Dopo essere stato consigliere regionale in Lombardia tra il 2010 ed il 2012 – si era dimesso a seguito dello scandalo suscitato sull’utilizzo dei fondi pubblici destinati alla Lega Nord -”ho iniziato” “l’avventura nell’azienda agricola con mio fratello. Si tratta di una bella avventura che stiamo portando avanti con tanta forza, legata alla natura, al territorio e alle nostre tradizioni“. L’azienda del “trota” si trova a Brenta, nel Varesotto, a pochi chilometri da Gemonio, dove vive la famiglia Bossi.

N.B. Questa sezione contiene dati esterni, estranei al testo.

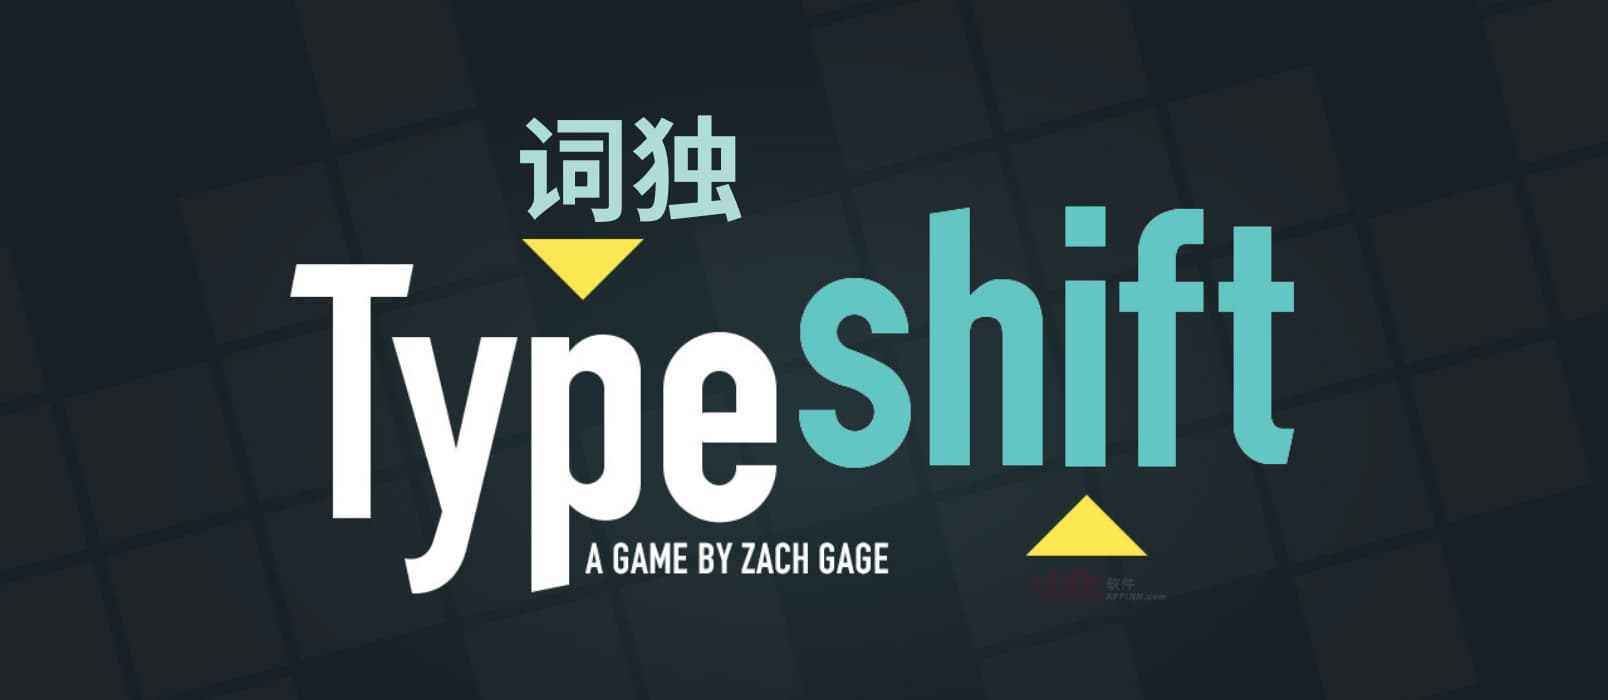 Typeshift - 我愿称之为“词独（Wordoku）”的拼词游戏[iPhone/Android]

Il figlio di Umberto Bossi ha espresso il suo punto di vista sul processo che lo vede coinvolto: “le spese non sono state pagate dalla Lega ma da me personalmente, ho depositato tutti i documenti che lo provano“. E ha poi proseguito dicendo”Sto ancora pagando alcune multe e alcune cartelle esattoriali nell’elenco di spese non ci sono le prove che il pagamento sia stato fatto dalla Lega. Ho rateizzato con Equitalia alcune multe non potevano essere state pagate dalla Lega“. Renzo Bossi ha sostenuto infine che il suo “è un caso diverso” rispetto a quello del fratello Riccardo – sotto processo con rito abbreviato per gli stessi episodi. Riccardo ha raccontato invece che allora era convinto di aver pagato una parte delle spese contestate dall’accusa con “soldi di famiglia” e non del partito.